How regional contracting maintains in a crowded market place.
The logic for regional and local contracting is unassailable and as old as the proverb, “One in the hand is worth two in the bush.”
“All a supplier wants is volume and commitment,” says Laura Nolan, regional manager of Amerinet. “If a book of business can come their way, they will enhance an existing agreement for [it].” This is the logic that spawned group purchasing decades ago. And it is the logic that continues to propel the market today.
While it’s true that national GPOs collectively can claim almost every IDN in the country as a member, the fact is, contracting at the local and regional level continues to offer opportunities for providers. Whether it is for capital equipment and services, office supplies or spinal implants, clusters of hospitals are making offers that vendors simply can’t refuse. And it’s a formula that feeds on itself.
“If a group is able to … follow through on commitment and deliver volume, other suppliers will approach the group [with a desire] to work with them, either recognizing them as an IDN or affiliate of a national group, or offering to create a new tier to an existing national contract,” says Nolan.

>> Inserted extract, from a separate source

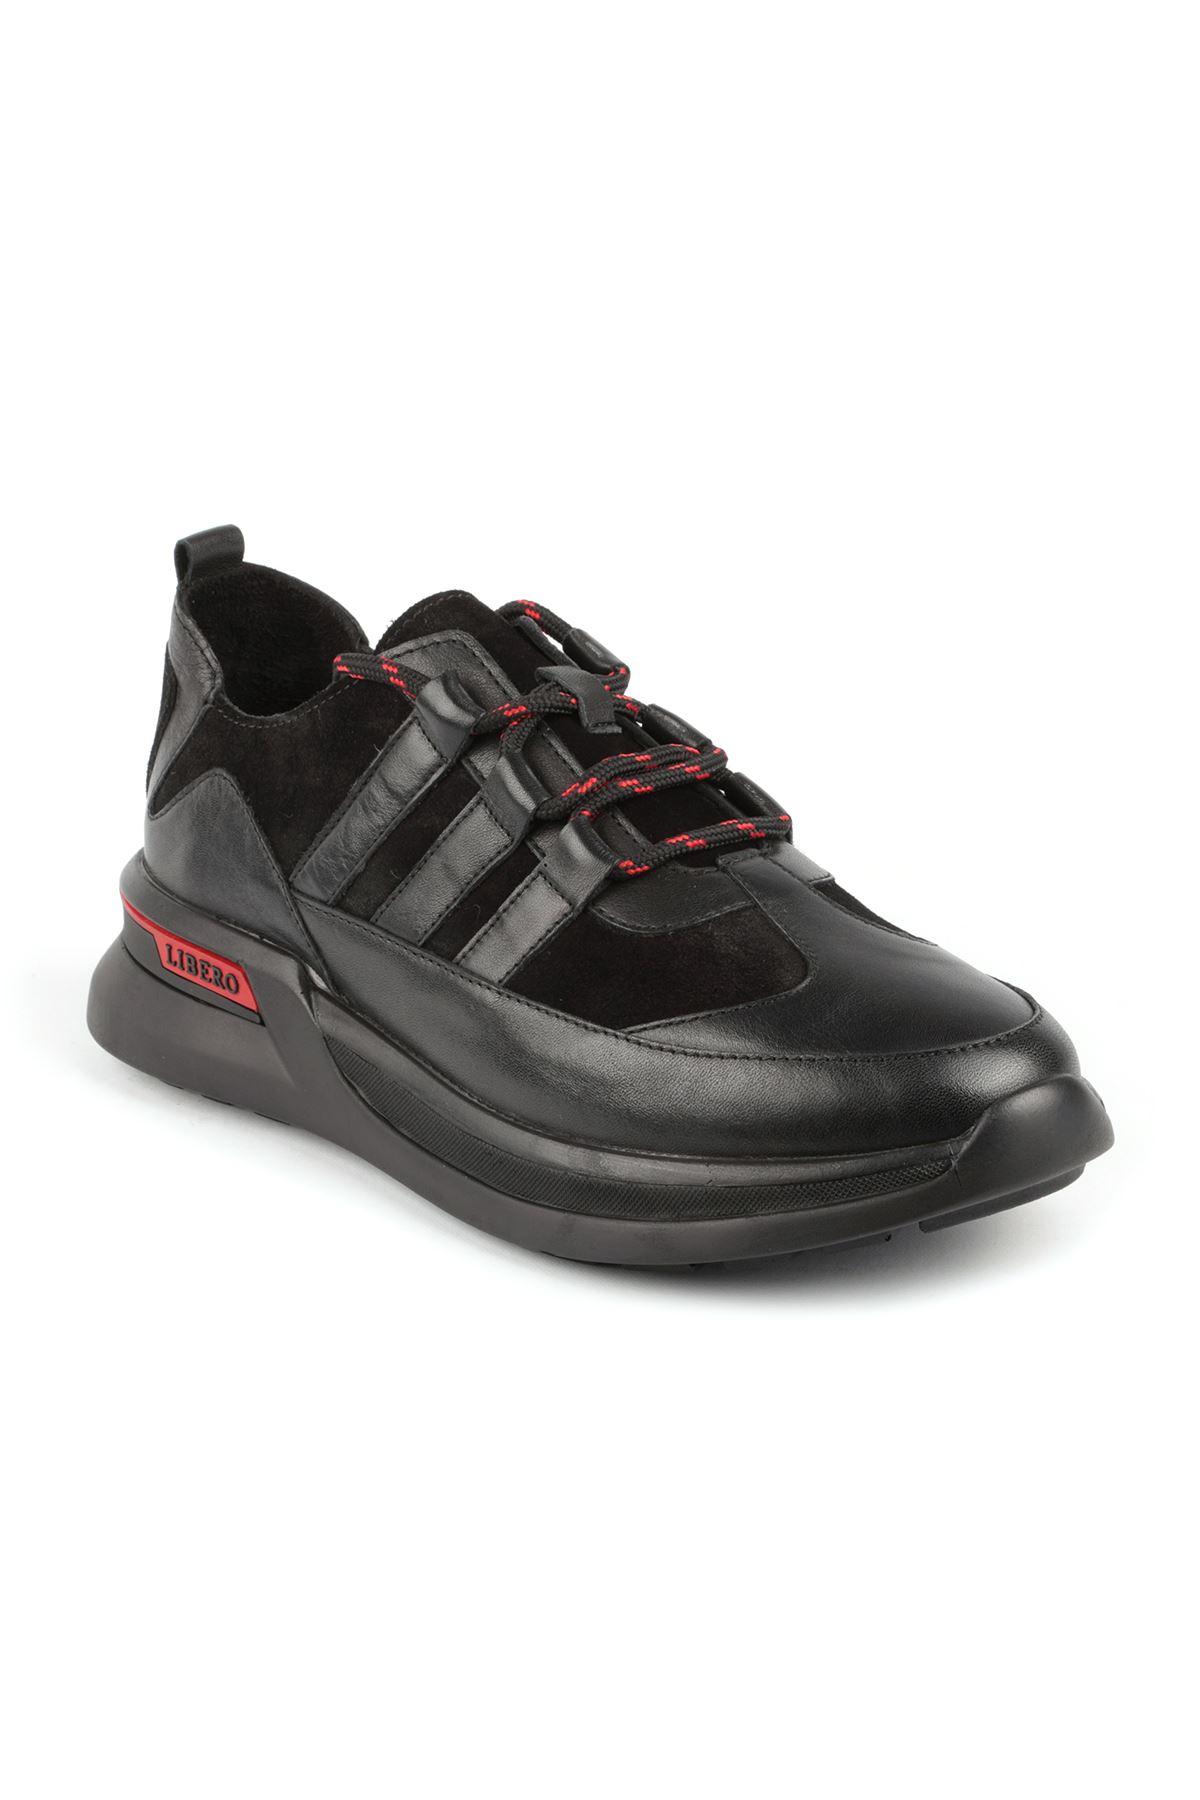 Libero L3598 Siyah Spor Ayakkabı

Although a handful of IDNs have indeed severed their ties with national GPOs, most maintain a productive relationship with them. “There are circumstances that dictate that [contracting] locally may be appropriate,” says Richard Saccomanno, director of materials, Empire Health Services, Spokane, Wa. “But by and large, we’ve had a really good relationship with Amerinet. Most of our contracting is done through them.”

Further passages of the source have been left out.